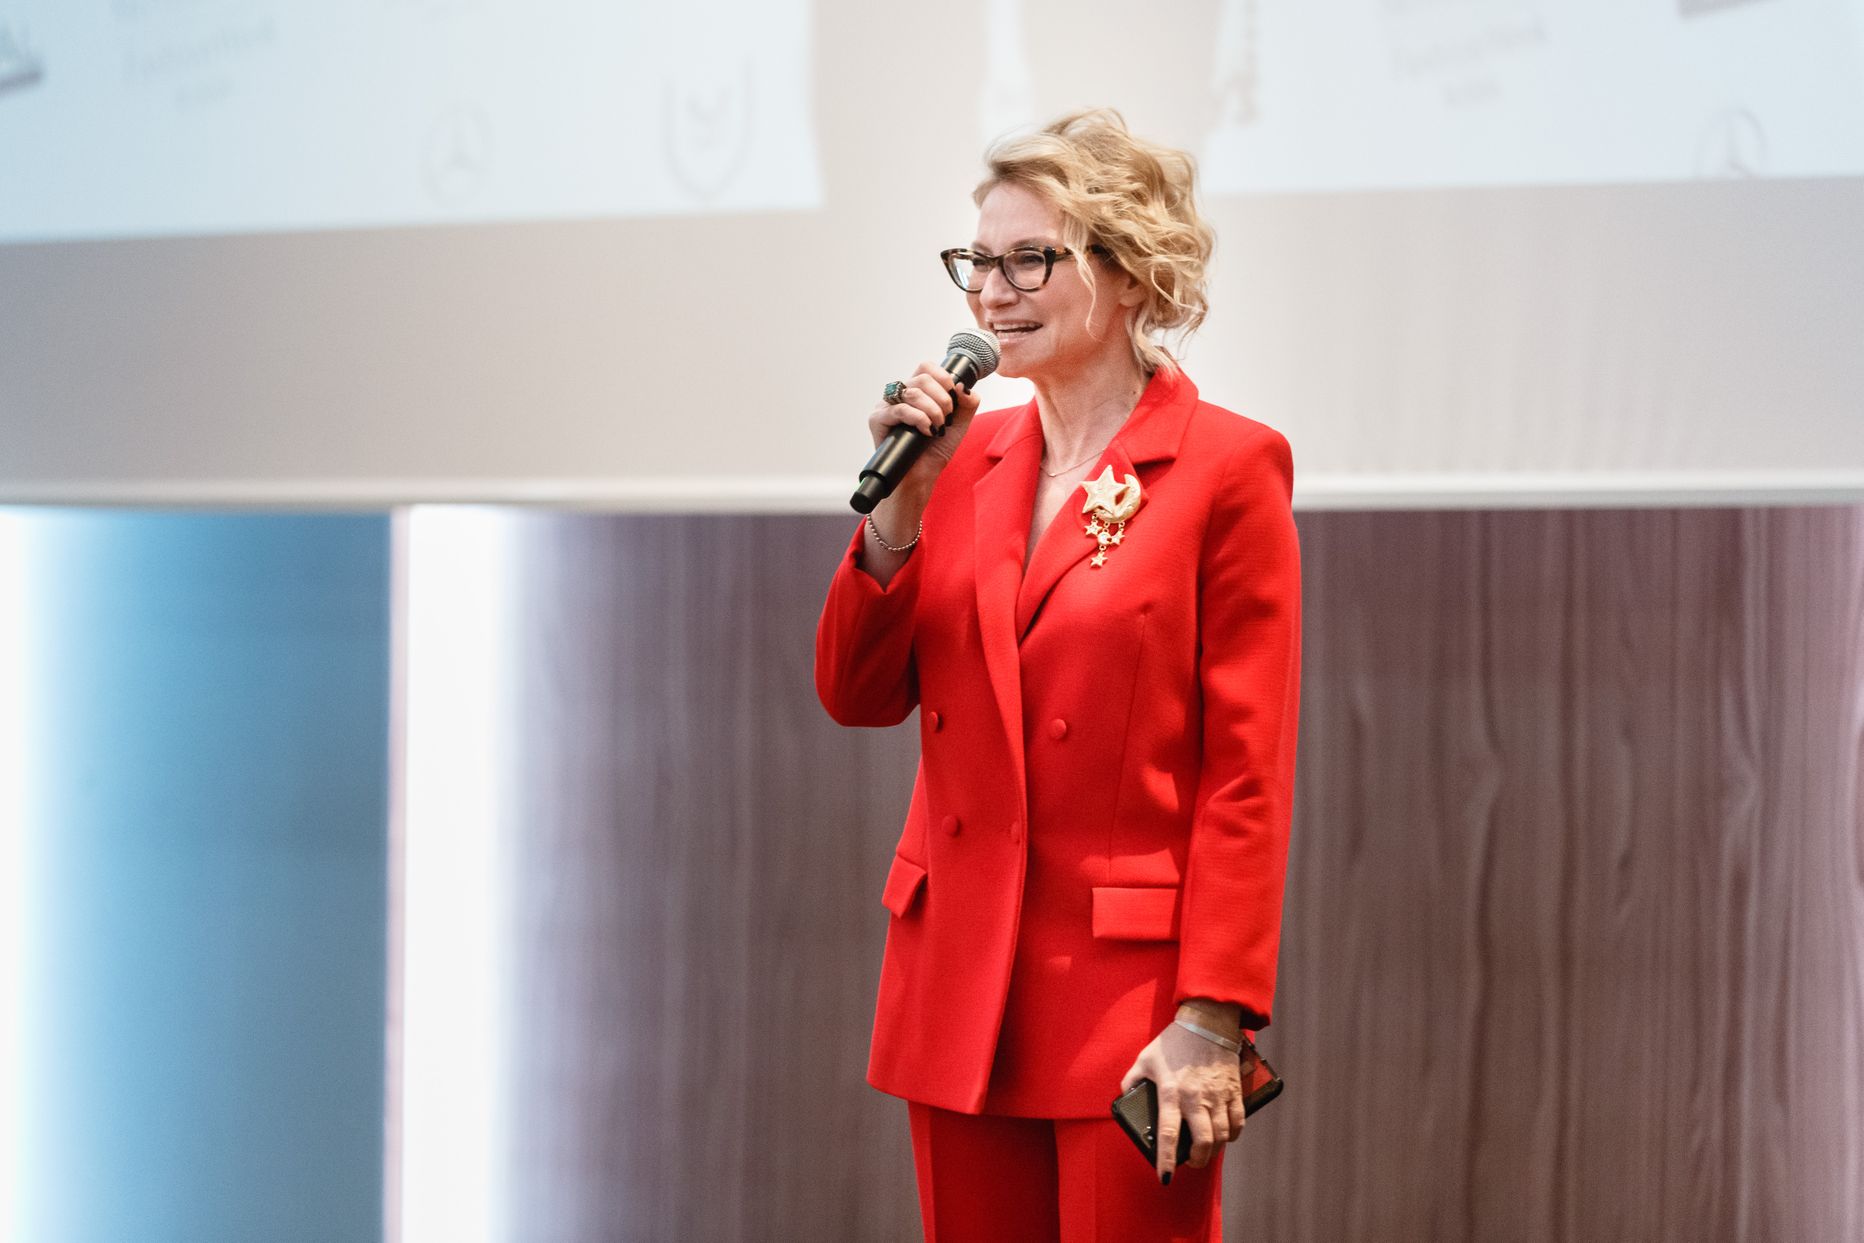 Эвелина Хромченко в Таллинне 12 декабря 2018 года во время проведения мастер-класса "Весна-лето 2019".
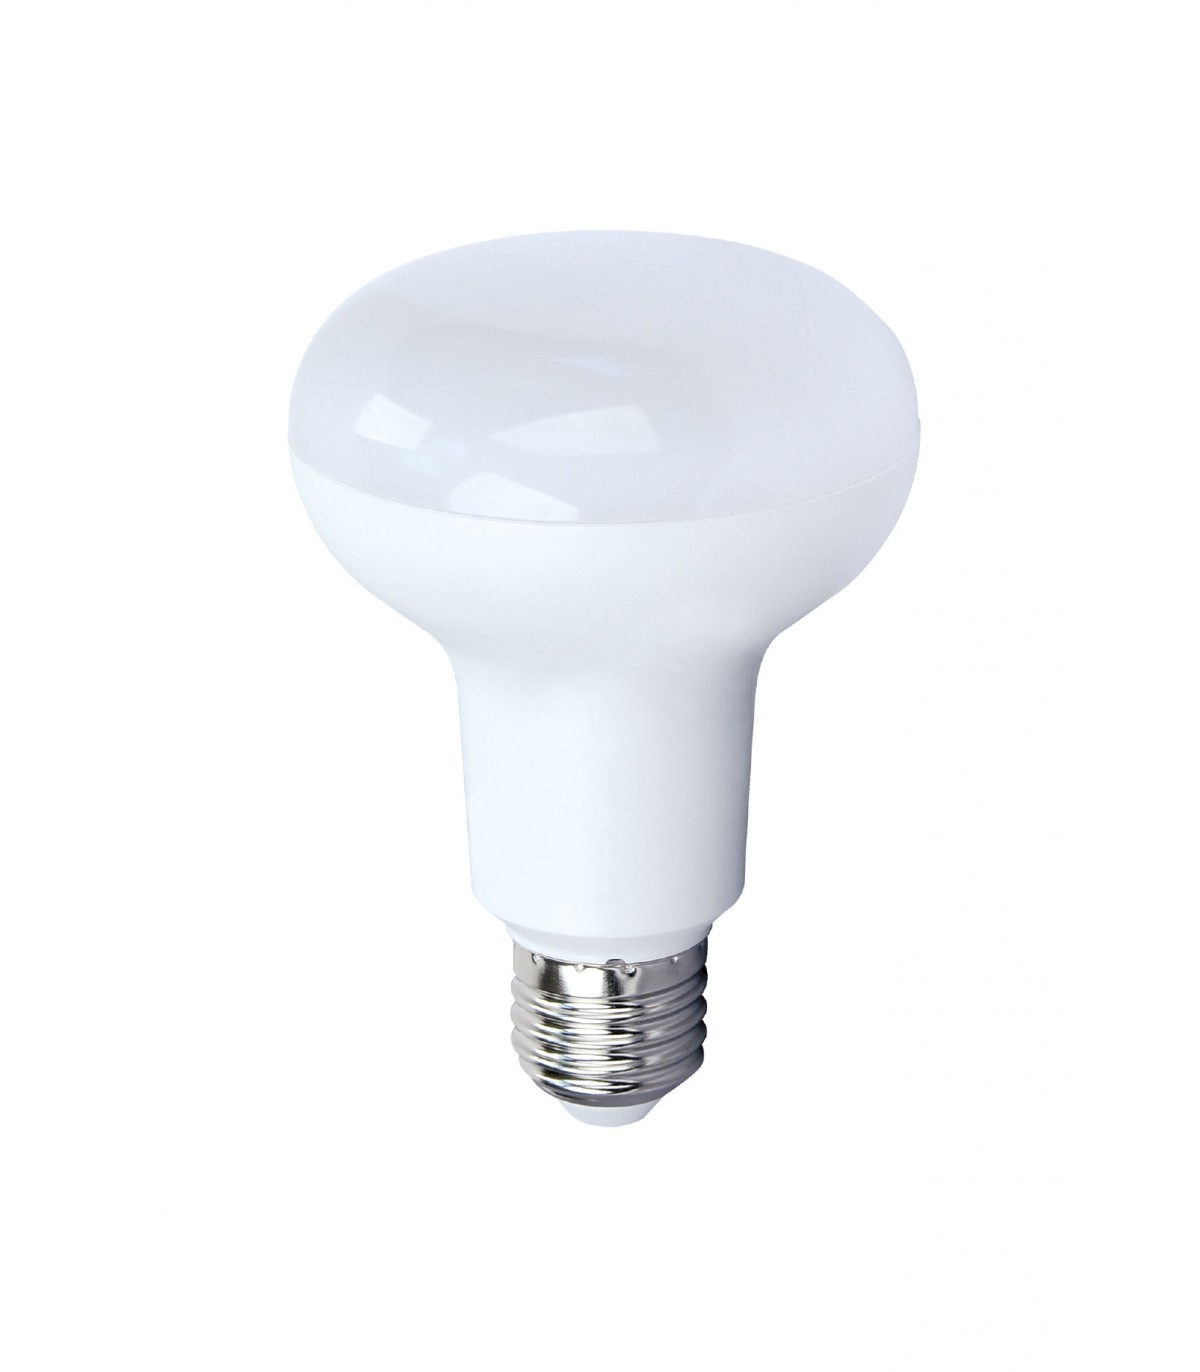 ARIC 20132  Ampoule LED réflecteur Ø63 E27 9W - Blanc froid
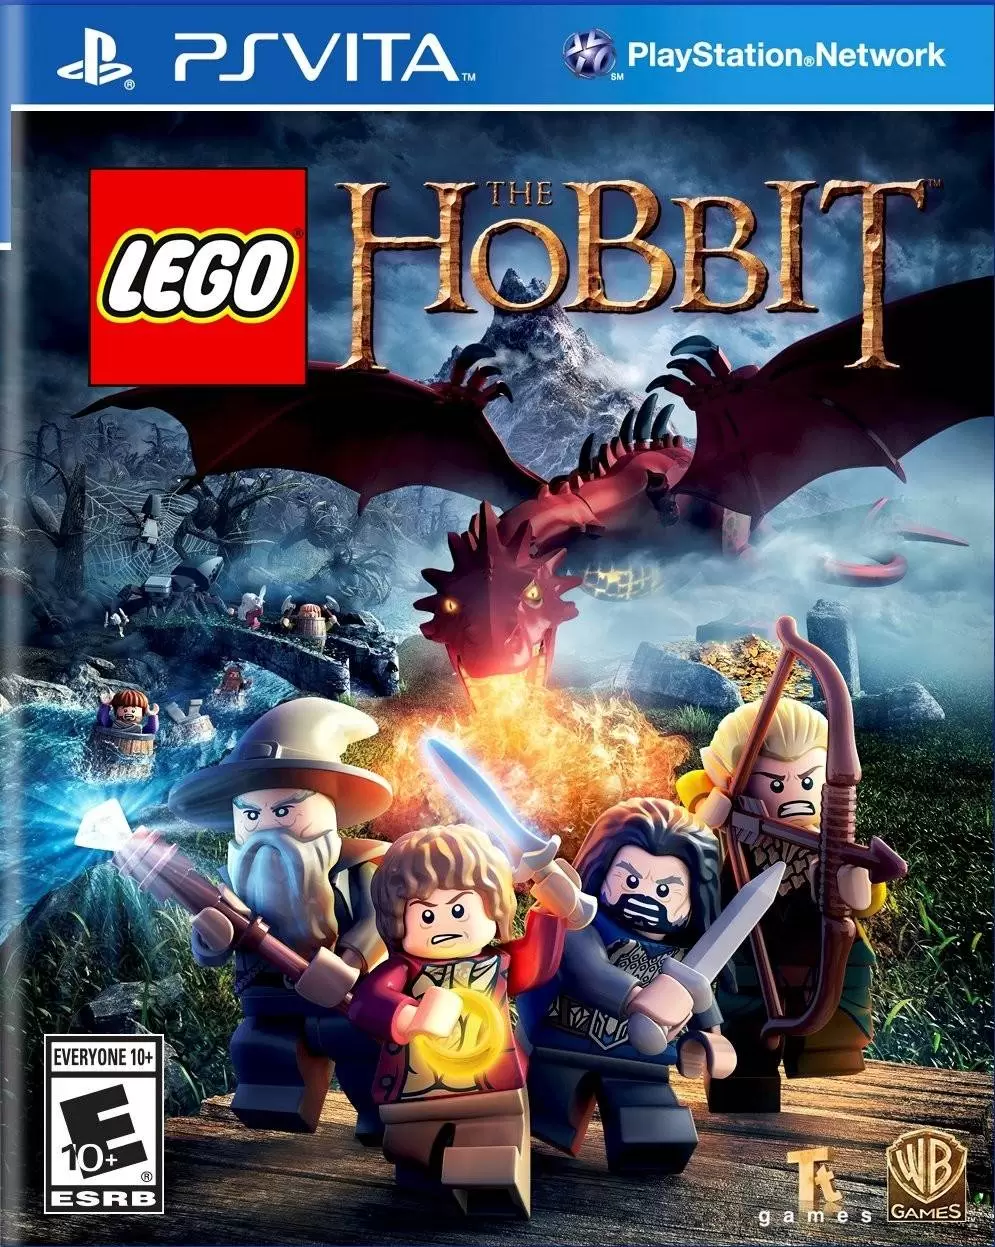 PS Vita Games - LEGO The Hobbit

### Problem
Restate the listing word for word. Pictures do not belong in the copy.

### Finished exercise
 Эвелина Хромченко в Таллинне 12 декабря 2018 года во время проведения мастер-класса "Весна-лето 2019".
 ARIC 20132  Ampoule LED réflecteur Ø63 E27 9W - Blanc froid
 PS Vita Games - LEGO The Hobbit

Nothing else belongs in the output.